Outlay for capital expenditure has been increased by 35.4 per cent

Outlay for capital expenditure has been increased by 35.4 per cent

Outlay for capital expenditure has been increased by 35.4 per cent

The Covid-19 pandemic has had a huge impact on India’s economy over the last two years. While the economy has been on the mend since June last year, uncertainties around the pandemic still remain, as was seen in the recent surge in cases fuelled by a new variant of the coronavirus. In this backdrop, the government is hoping that a sharp increase in capital expenditure on building new roads, train sets and affordable housing among other things will give a leg up to the economy, create lakhs of jobs and boost consumption.

“This Budget continues to provide impetus for growth. It lays a parallel track of (1) a blueprint for the Amrit Kaal, which is futuristic and inclusive. This will directly benefit our youth, women, farmers, the scheduled castes and the scheduled tribes. And (2) big public investment for modern infrastructure, readying for India at 100,” said Nirmala Sitharaman in her Budget speech.

The outlay for capital expenditure has been increased by 35.4 per cent to Rs 7.50 lakh crore in 2022-23, from Rs 5.54 lakh crore in the current financial year ending March 2022. The outlay next year will be 2.9 per cent of the GDP.

With this investment taken together with the provision made for creation of capital assets through grants-in-aid to states, the effective capital expenditure of the central government is estimated at Rs 10.68 lakh crore next year, which will be about 4.1 per cent of GDP.
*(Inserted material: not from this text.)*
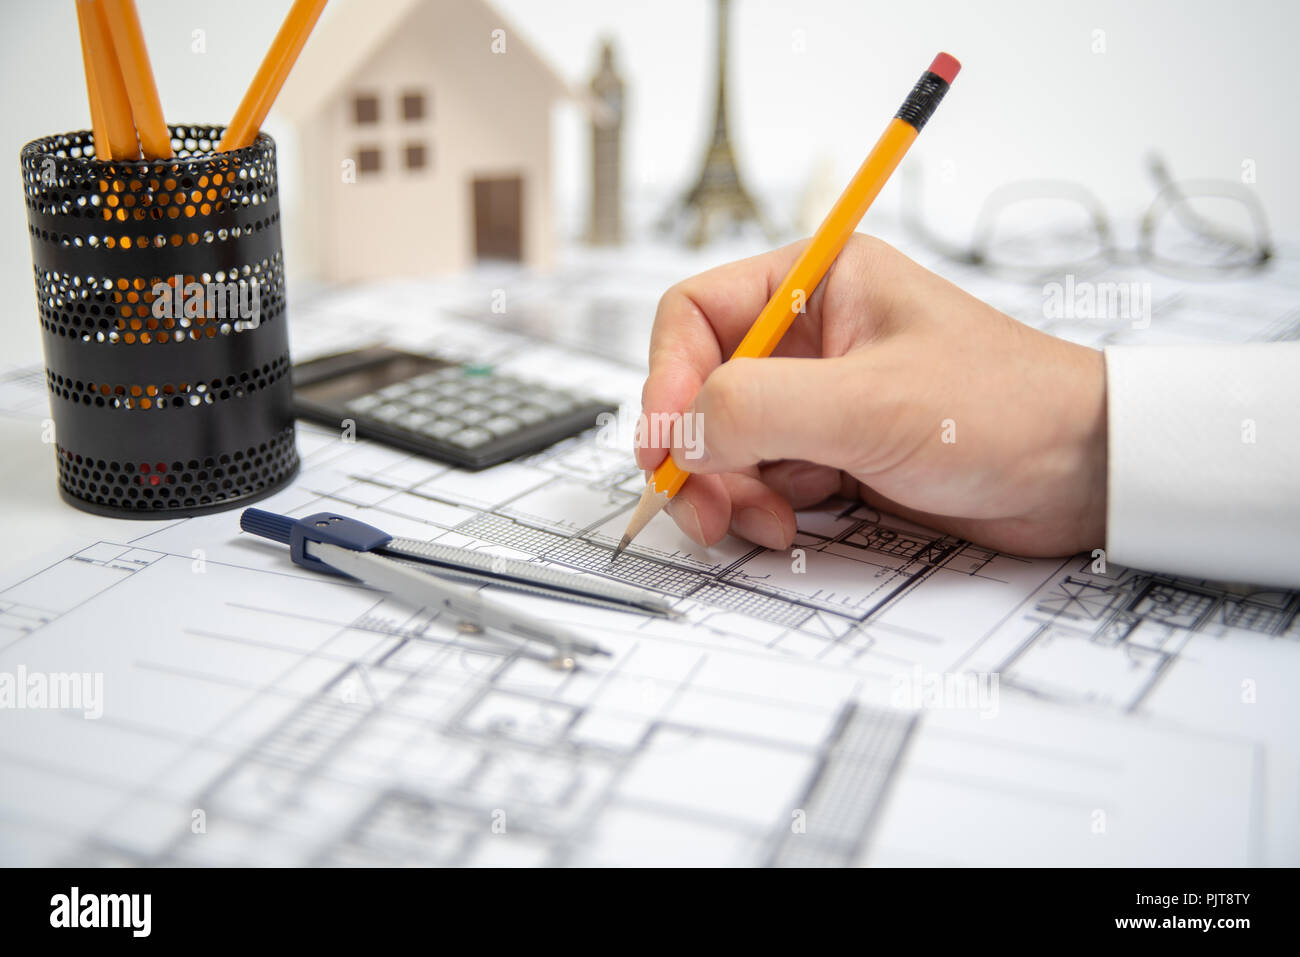 The hand of a male architect drawing a design using a pencil. Stock Photo

In the previous Budget, the government had projected total expenditure of Rs 34.83 lakh crore, which has since been revised to Rs 37.70 lakh crore. In 2022-23, the government has estimated total expenditure of Rs 39.45 lakh crore.
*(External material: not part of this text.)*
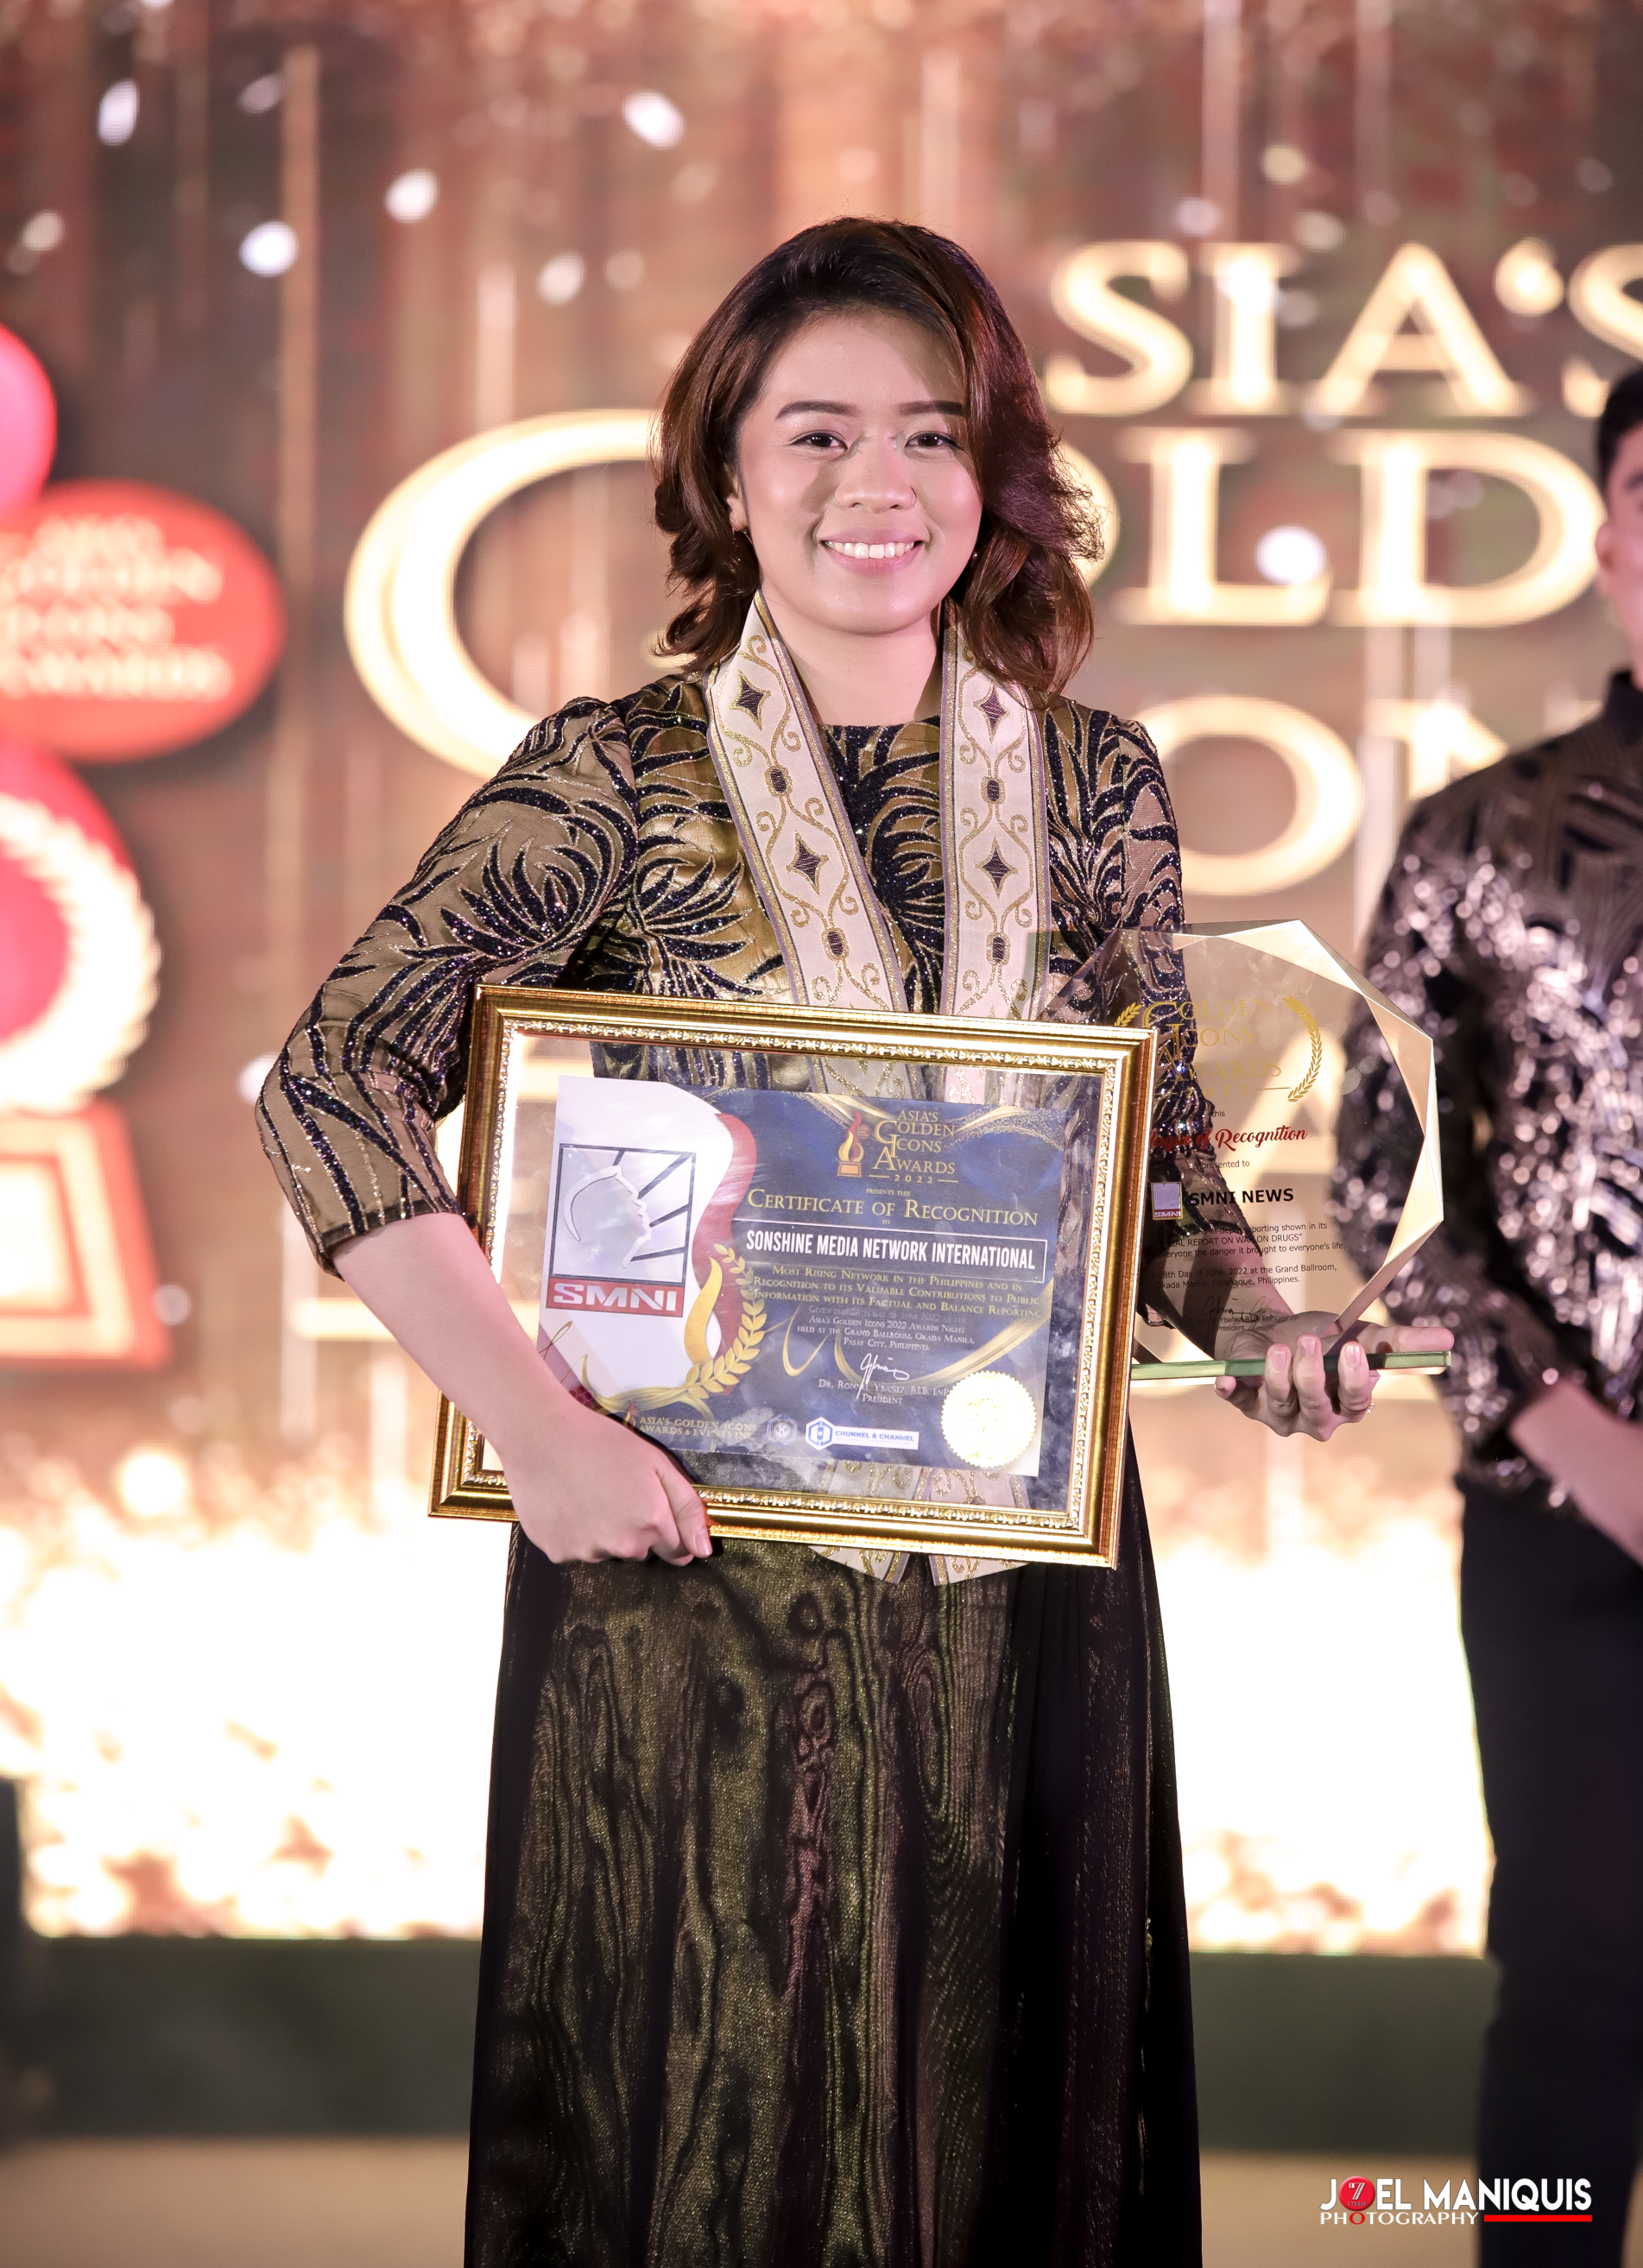 Asia's Golden Icons Awards 2022

With a focus on growth, fiscal consolidation is going to be gradual; the government estimates fiscal deficit at 6.4 per cent of GDP next year, compared with 6.8 per cent it had estimated for the current year, which has now been revised to 6.9 per cent.
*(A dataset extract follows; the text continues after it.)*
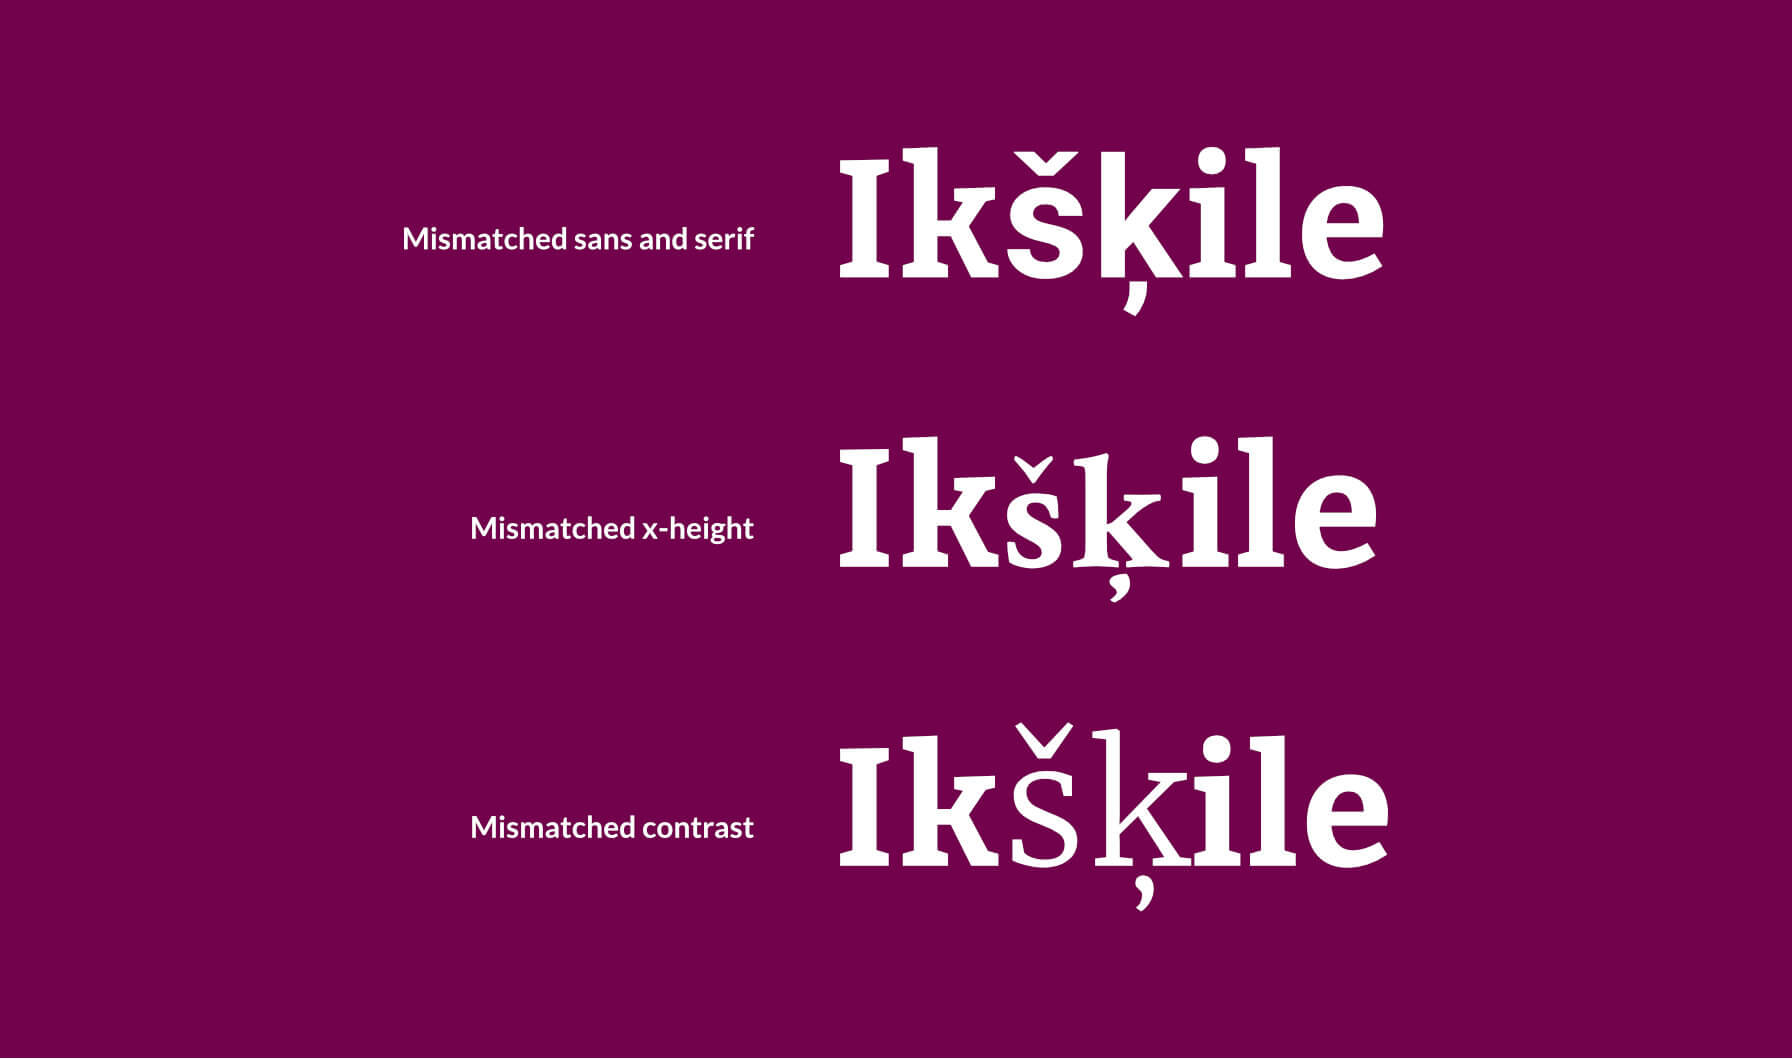 A demonstration of the text 'Ikšķile' rendered with fallbacks for diacritics. The first example shows mismatched sans and serif. The second shows mismatched x-height. The third and final shows mismatched contrast.

“The 2022-23 Budget finely balanced fiscal retreat with supporting economic recovery,” said Abheek Barua, chief economist at HDFC Bank.

“The Budget focused on a familiar strategy of driving capital expenditure to drive growth, with the intention of crowding in private investment through higher public spending,” he said.

The government is laying huge emphasis on the PM GatiShakti National Master Plan, which focuses on what Sitharaman called seven engines – roads, railways, airports, ports, mass transport and logistics infrastructure.

So, the national highways network is to be expanded by 25,000 kilometers in 2022-23. In the Indian Railways, 400 new generation Vande Bharat passenger trains are to be manufactured over the next three years.

Separately, 100 cargo terminals for multi-modal logistics facilities will be developed in the next three years. Furthermore, multi-modal connectivity between mass urban transport and railway stations will be facilitated on priority. The Budget has also envisaged a National Ropeways Development Programme in hilly areas under a public private partnership mode and contracts for 8 ropeway projects are to be awarded next year.

Arun Singh, global chief economist at Dun and Bradstreet, feels focusing on much needed physical and digital infrastructure will have a multiplier impact on the economy.

“Successful execution of various announcements under PM GatiShakti has potential to kick start economic recovery and provide sustainable growth, also create impactful infrastructure,” said Singh.

Elsewhere, the government will also take up the Ken-Betwa river linking project, which is estimated to cost Rs 44,605 crore. Allocations of Rs 4,300 crore this year and Rs 1,400 crore the next year have been made.

The government has also earmarked Rs 60,000 crore to provide tap water to 3.8 crore households in 2022-23. Next year, 80 lakh houses are also envisaged to be completed for the identified eligible beneficiaries of PM Awas Yojana, for which Rs 48,000 crore has been allocated.

Under the Bharatnet programme, the government will also award contracts for laying optical fiber in all villages, which is expected to be completed by 2025.

To facilitate domestic manufacturing for the ambitious goal of 280 GW of installed solar capacity by 2030, the Budget has also made an additional allocation of Rs 19,500 crore for production linked incentive for manufacturing of solar PV modules.

“The Budget seems to be focused on high impact areas and accelerating the capital expenditure cycle,” said Sandeep Upadhyay, MD – infrastructure advisory, Centrum Capital.

“It is pertinent to note the reference towards investments into capacity building initiatives within the infrastructure sector for much needed skill upgradation pertaining to project appraisal, planning, design and project management including technical and knowledge assistance coming from multilateral funding agencies. This certainly suggests reorientation of focus towards much needed planning, monitoring and supervision of the massive investments being planned and not just splurging towards unleashing the capital expeniture cycle,” he said.